One of the big issues to come in the Fall Federal Election will be fighting climate change and carbon pricing. With Conservative politicians vowing to do everything to not tackle this important issue for many Canadians, the whole issue of carbon pricing and how we do approach trying to reverse climate change will be a defining one. One thing that I think though that we can say so far is that Conservatives in general have done a better job at defining their messaging on this topic. I disagree with it and the policy that the Federal government is proposing will not have the effect that Conservatives say it will, progressive parties are still behind the eight-ball when it comes to the political communications battle around this topic.

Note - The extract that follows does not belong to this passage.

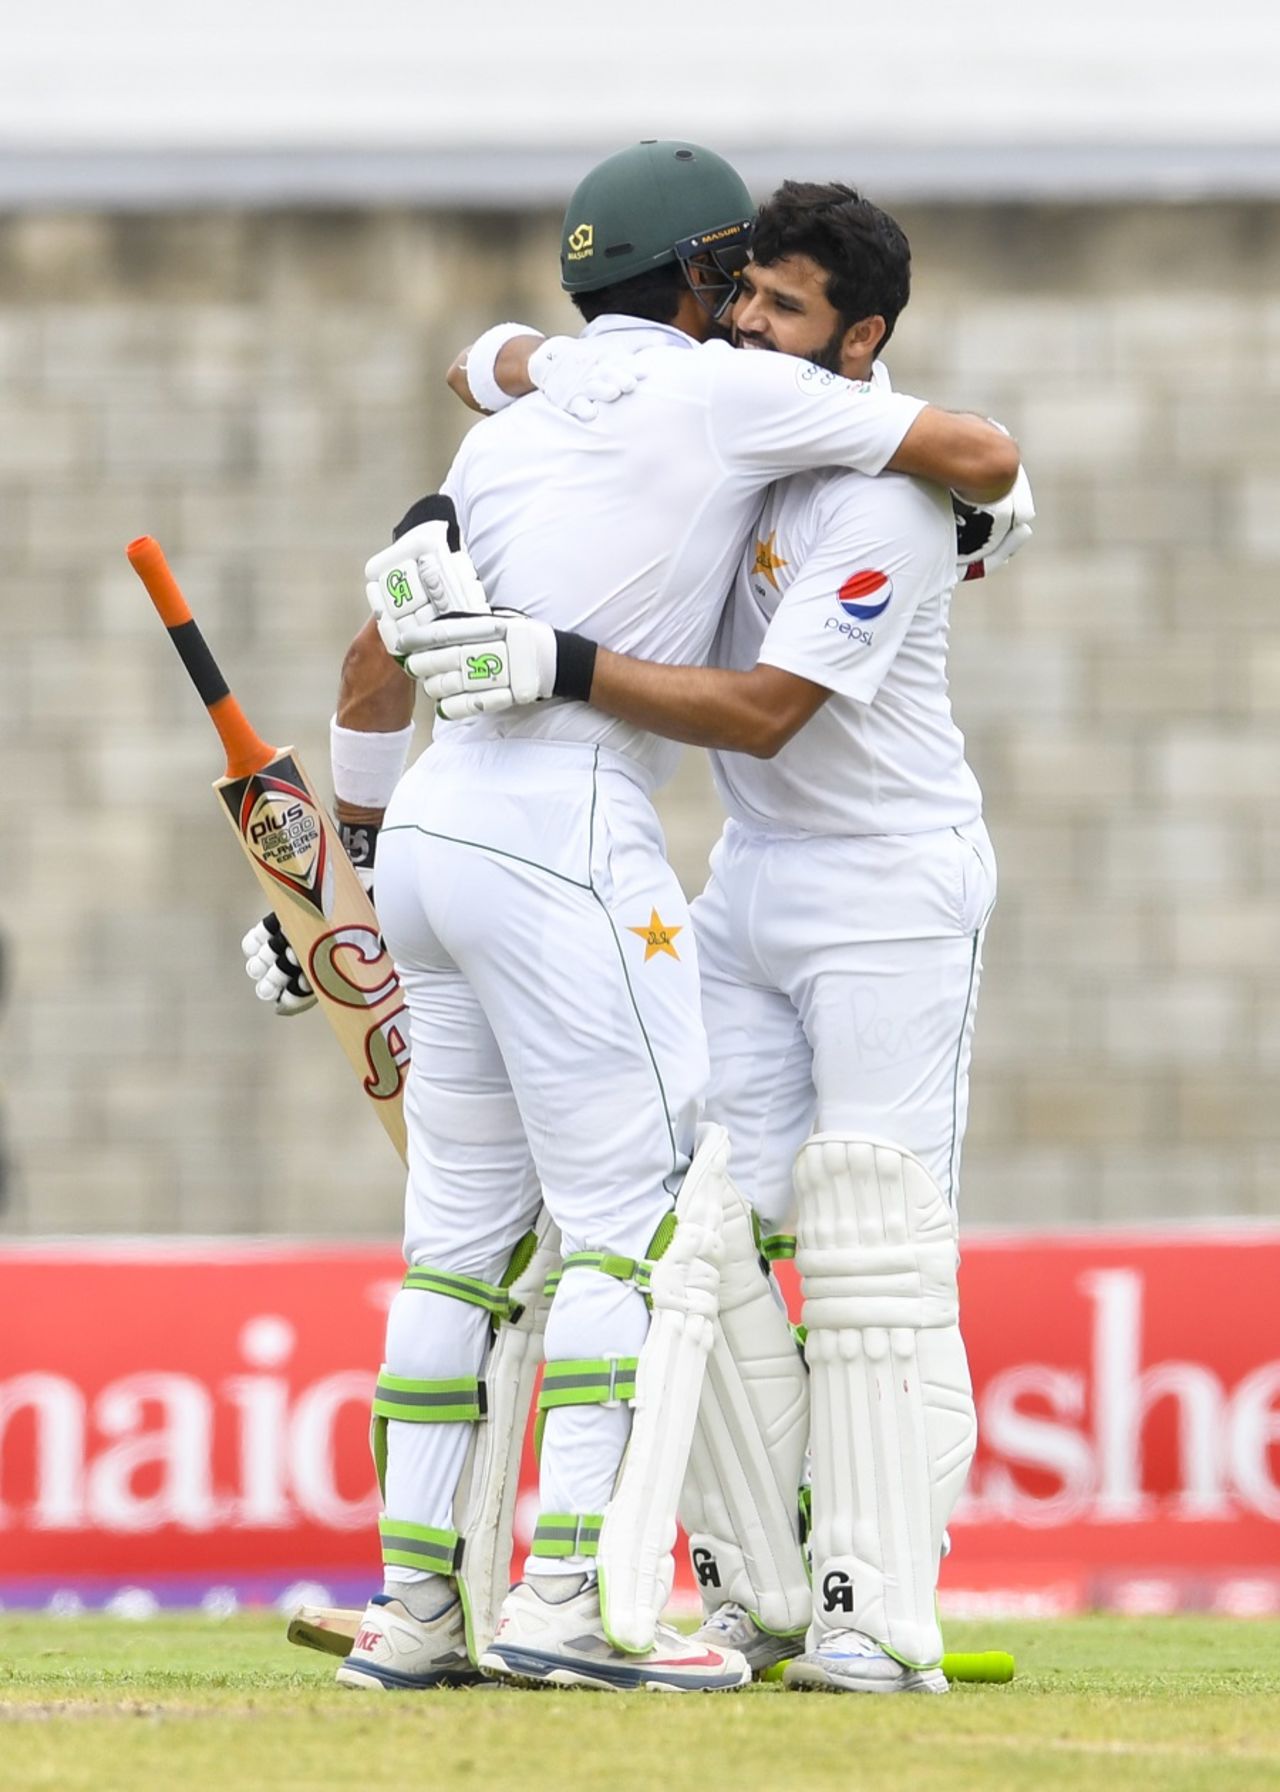 Azhar Ali celebrates his 13th Test century with his captain, West Indies v Pakistan, 2nd Test, Bridgetown, 3rd day, May 2, 2017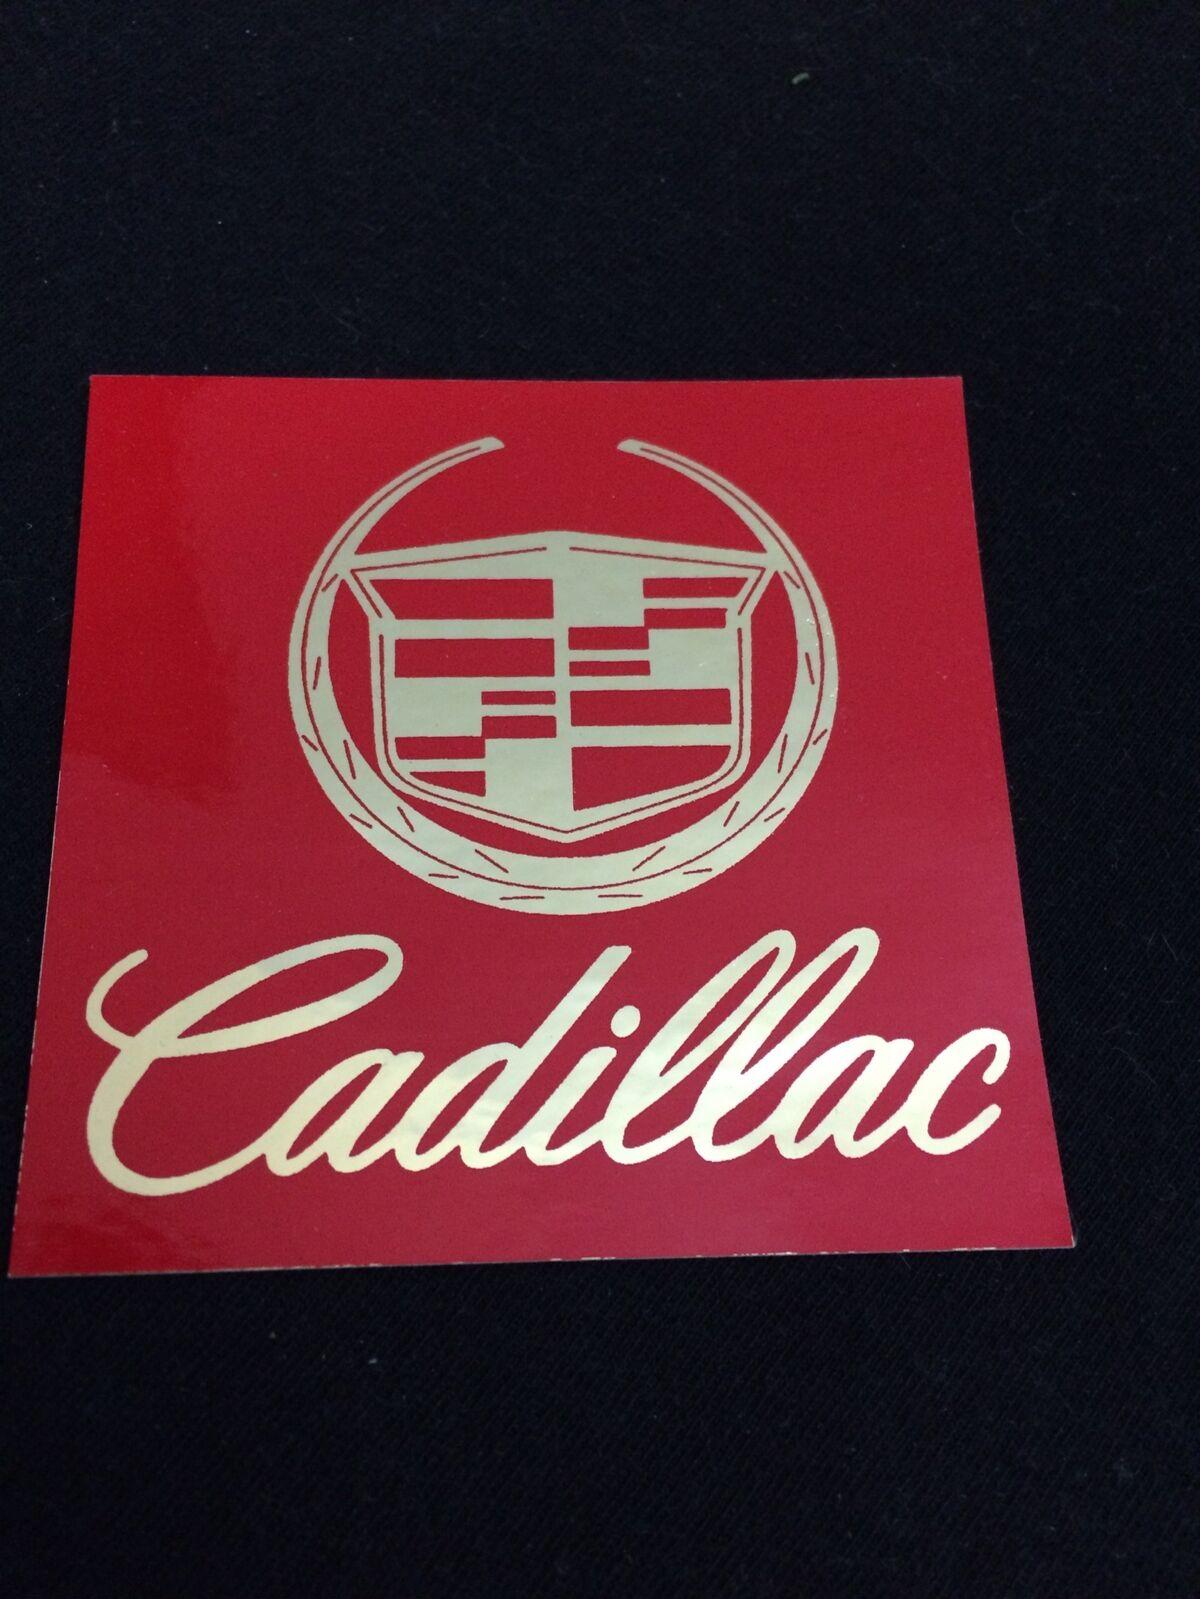 Red Gold Cadillac Car Logo Emblem Sticker Collection Edition

Conservatives are trying to paint any pricing on carbon pollution as a simple cash grab that will do nothing to lower greenhouse gas emissions, even though British Columbia has had a carbon tax for a decade, have reduced GHG’s by over 10% while having one of the best economies in the country. But with an issue like this, a bad example can stick and do a lot of damage. That was in my mind when I heard about an announcement today from the Environment Minister, with funding from the governments Low Carbon Economy Challenge’s Champions fund. It wasn’t the idea of the funding that causes an issue, it was where it went:

As you might imagine, some of the reaction out there to Loblaws receiving this funding was not so great on a few levels. For starters, Loblaws is highly profitable and with how much money they made this year, do they really need the $12 million to do this, especially after they are already spending $36 million? While the project may be laudable, does Loblaws really need this government assistance? I would say not, and it will lead many other people to ask who else could have used that $12 million to lower their carbon footprint who probably couldn’t afford to otherwise. By giving this money to Loblaws, this just gives ammunition to Conservatives who want to paint this important initiative as a boondoggle waiting to happen.

Now if that was the end of the story with Loblaws, it would be bad enough. Yet that’s not the end of this story, because Loblaws has a history, a not too distant one which makes people further question why they should be receiving this money:

Yes folks, remember the bread price fixing case, where Loblaws was caught for being involved in a price fixing arrangement on the price of bread for over 14 years? That helped to make them more money, at the expense of everyday Canadians, including those who can barely afford food. It was an act of pure greed on the behalf of those who did it, and in the end their punishment wasn’t that large. And while I enjoyed what I was able to purchase with my $25 Loblaws gift card, this story leapt right to the top of my mind when I saw this announcement. As much as we may want to separate the two, really, how can you? That’s another strike against Loblaws for potentially getting this money. But folks, that’s not all:

Yep, just over a year ago there was this case involving the Canada Revenue Agency, Loblaws was accused of using off-shore tax havens to avoid paying more than $400 million in income taxes. And again, how are we supposed to ignore this? Folks, why after all of these cases should they get a dime from the Federal government climate funds, let alone $12 million? There surely must be more worthy companies who need the help more that doesn’t come with the same fresh warts that Loblaws has.

And this is how an announcement like this becomes one of those bad examples. Is this fund a good idea? Yes, absolutely. Should companies that need help to lower their GHG emissions be eligible to get it? Yes, I totally agree. Is this a good way to use funds raised by carbon pricing? Yes, yes, yes. But is that true with Loblaws? No, sorry but they just aren’t a good candidate in my mind for such funding. The fact is that this company can more than afford this $12 million and they don’t need this hand up. What’s worse is that there are other companies or organizations out there who really need the help who will more than likely go without now, so that Loblaws can get their piece of this pie.

This election will be a big fight about the future of our country in many ways, and a funding announcement like this has all the potential to put some serious sticks in the spokes of the governments bicycle. And all over $12 million to a major Canadian company that doesn’t need it. You have to ask what the government was thinking here, but here we are. Now we’ll see if this announcement is a one-off or if the governments climate funding includes more examples like this. For all of our sakes, I really hope there aren’t others because this issue is too important to let it get tripped up over this company, no matter how much I love their cookies.